In particolare, chiedeva l'annullamento della lett. a) del bando, nella parte in cui essa richiedeva il requisito della legittimazione triennale previsto dall'art. 194 del r.d. 30 gennaio 1941, n. 12 a tutti gli aspiranti, e quindi anche ai magistrati già assegnati d'ufficio a sede disagiata, ai sensi dell'art. 1 della l. 4 maggio 1998, n. 133. Con successivi motivi aggiunti l'impugnazione è stata estesa alla parte della delibera in cui stabiliva che "i punteggi aggiuntivi previsti dai punti 2, 3, 4 e 5 del Par. XX Circ. 12046 dell'8 giugno 2009 e succ. mod. sono attribuiti solo nelle ipotesi di trasferimento a funzioni di pari grado".

Successivamente all'adozione dei provvedimenti interinali, con i quali veniva disposta la sospensione degli effetti dell'atto impugnato, l'adito Tribunale sottoponeva gli atti alla Corte costituzionale con ordinanza n. 2952/2013, dubitando, a seguito all'entrata in vigore della l. n. 35/2012, della legittimità costituzionale dell'art. 35, comma 3, del d.l. 9 febbraio 2012, n. 5, convertito, con modificazioni, dall'art. 1, comma 1, della l. 4 aprile 2012, n. 35, con riferimento all'art. 194 ord. giud.

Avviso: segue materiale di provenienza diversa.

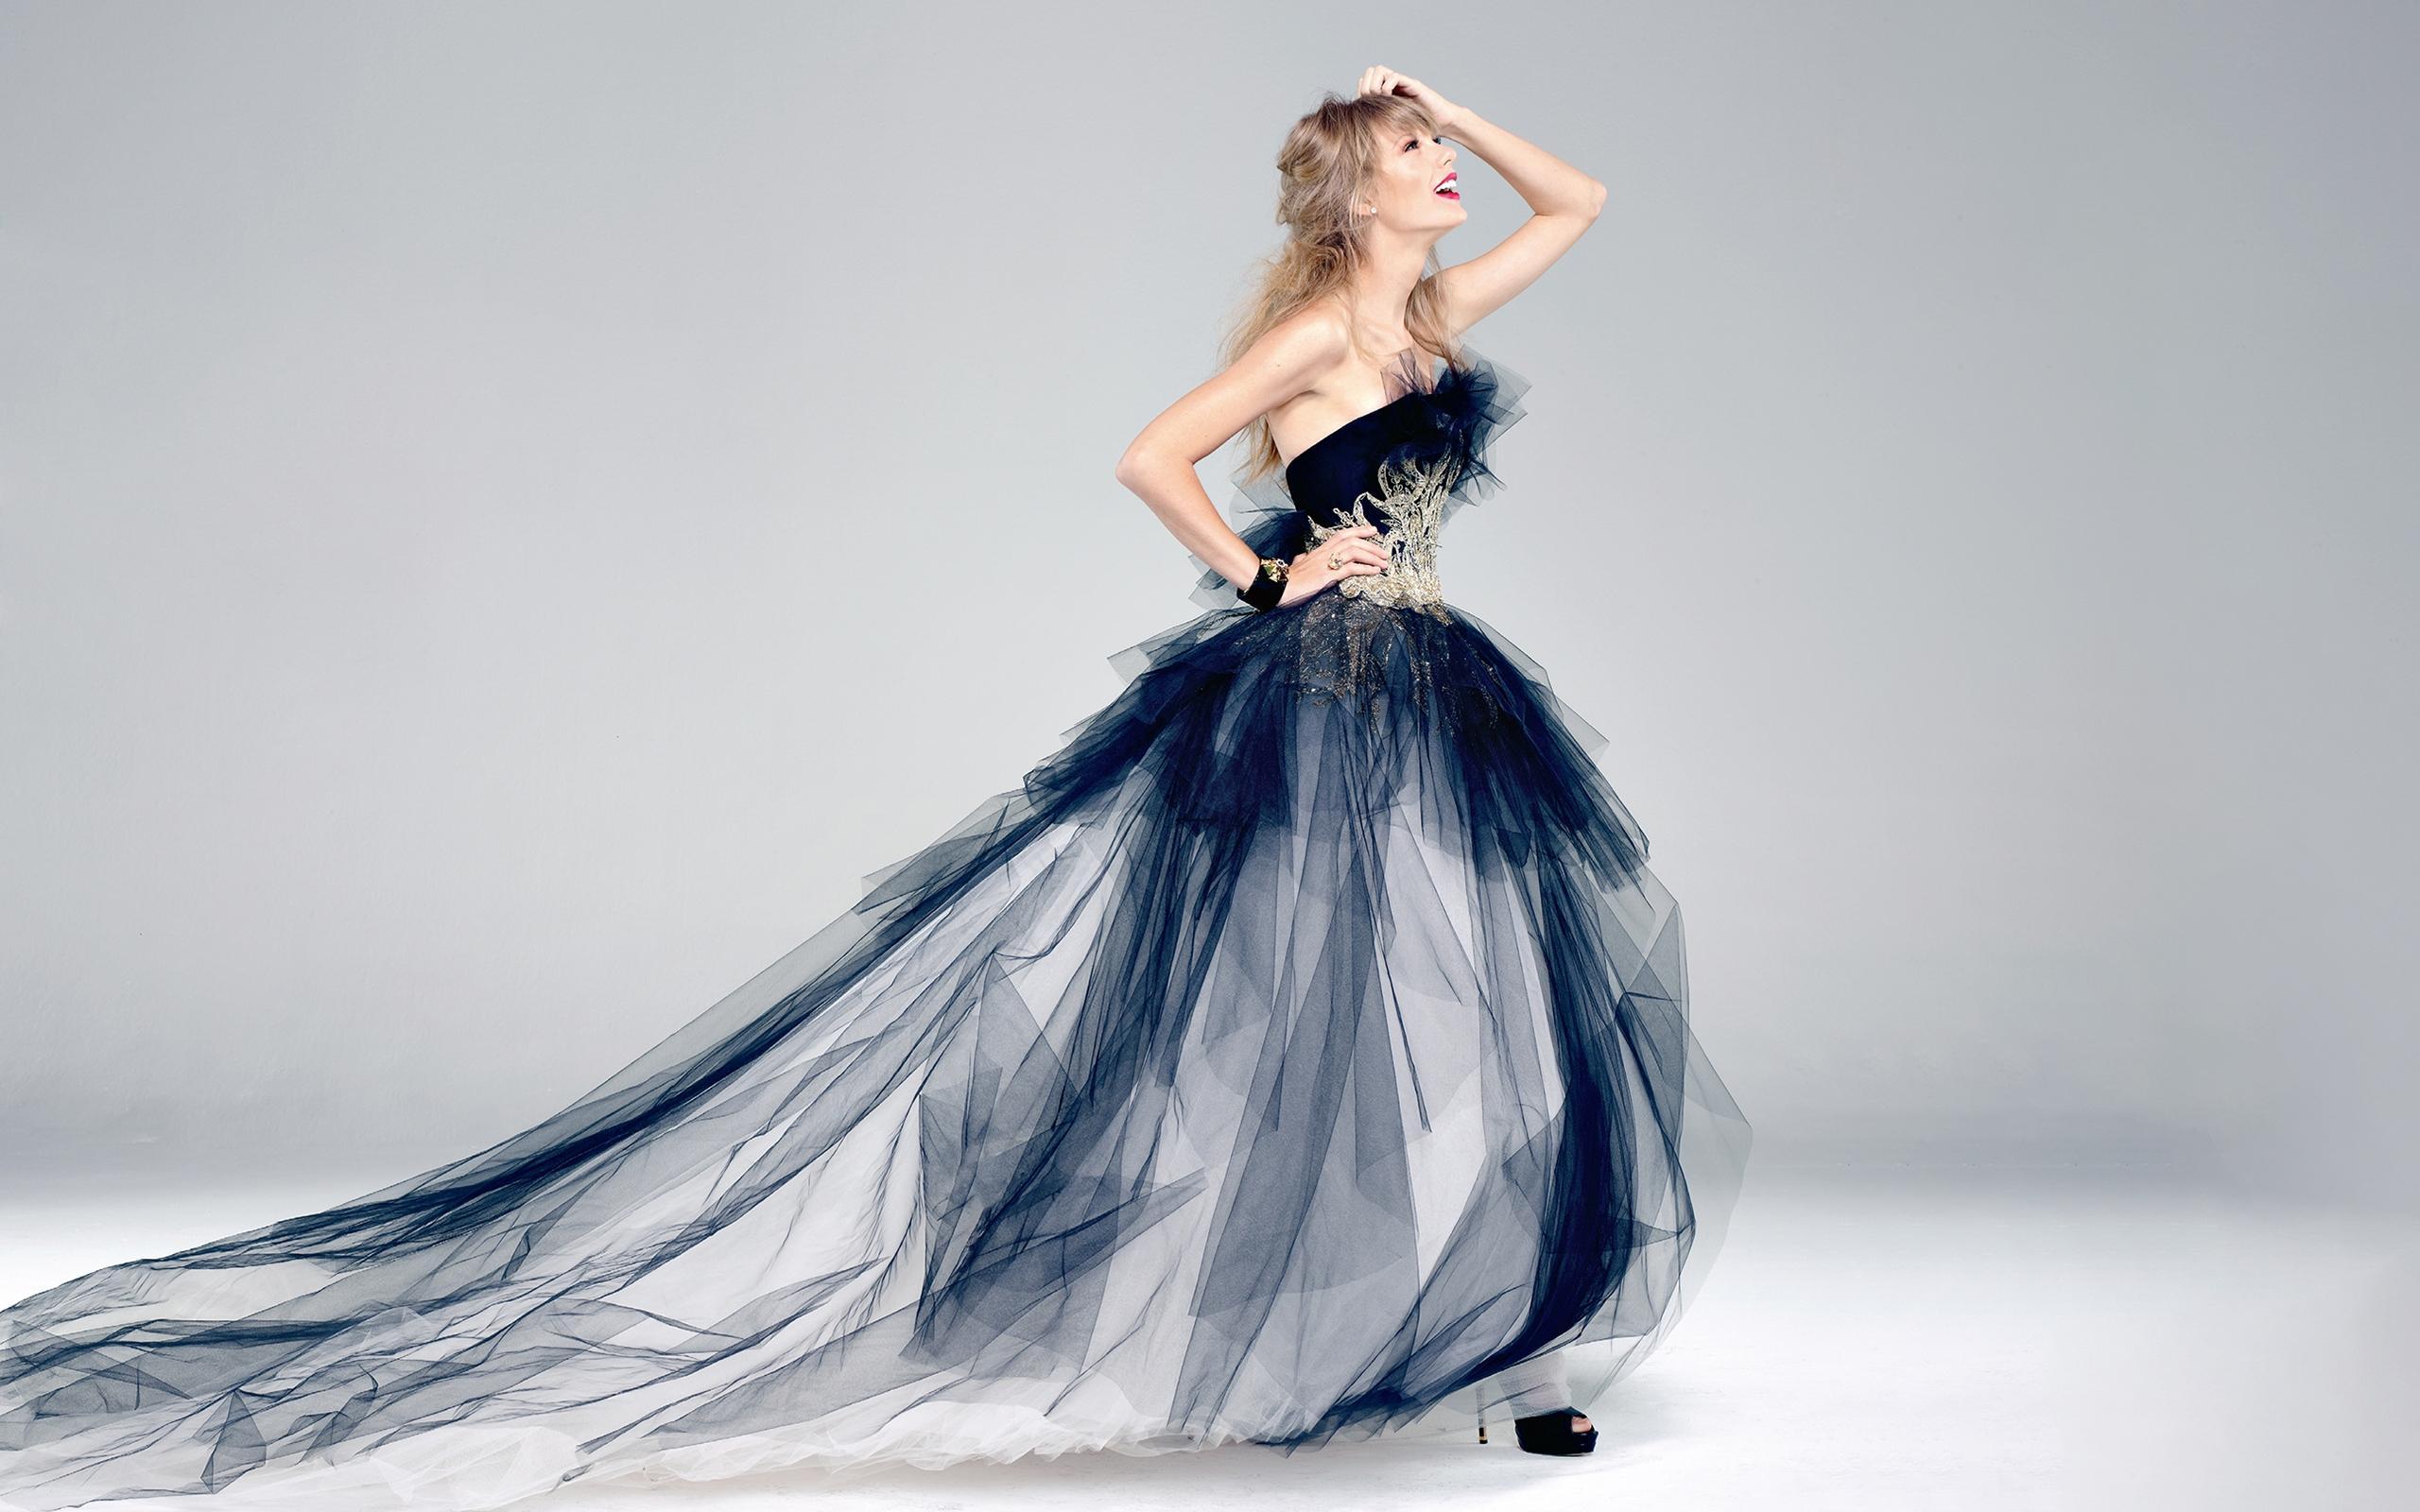 Download 2560x1600 Taylor Swift, Full Body Portrait, Dress, Profile
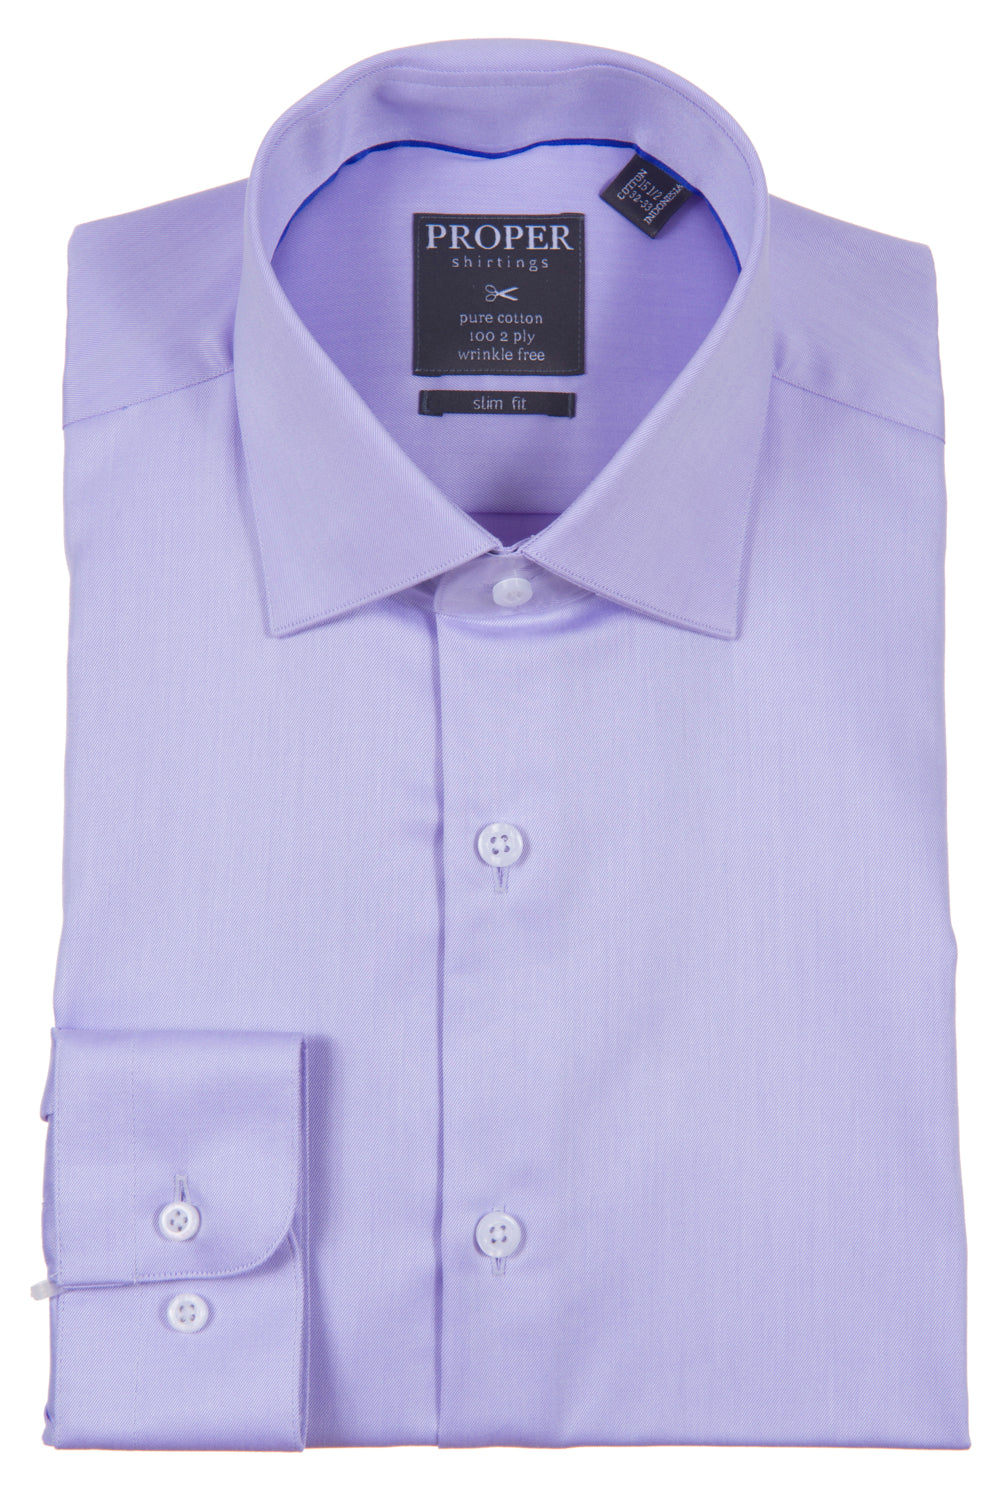 Proper Shirtings - Lavender -100% Cotton - 100's 2-ply - Wrinkle Free - Dress Shirt - Slim Fit

La Corte costituzionale si esprimeva con pronuncia interpretativa di rigetto n. 314 del 10 dicembre 2013 ed il giudizio veniva riassunto dinanzi al Tar Lazio, ove si costituivano sia il Ministero della Giustizia che il Consiglio Superiore della Magistratura, che evidenziavano come la norma oggetto di interpretazione riguardasse espressamente "tutti i trasferimenti e conferimenti di funzioni" nel chiaro intento da parte del legislatore di disciplinare in particolar modo i trasferimenti officiosi, e quindi, anche quelli basati su dichiarazione di disponibilità dell'interessato.

Con ordinanza cautelare n. 2061/2014, il Collegio sospendeva nuovamente gli effetti della delibera impugnata "in vista della definizione del merito della controversia".

Con pronuncia n. 9325/2014 il Tar Lazio accoglieva il ricorso principale, dichiarando inammissibili i motivi aggiunti e compensando integralmente le spese di giudizio in ragione della peculiarità della questione interpretativa affrontata. Per l'effetto, il TAR perveniva all'annullamento della delibera consiliare del 7 febbraio 2013 impugnata con il ricorso principale "nei limiti dell'interesse azionato, nella parte in cui estende la regola della legittimazione triennale anche ai magistrati trasferiti d'ufficio, previa dichiarazione di consenso o disponibilità, presso sedi disagiate".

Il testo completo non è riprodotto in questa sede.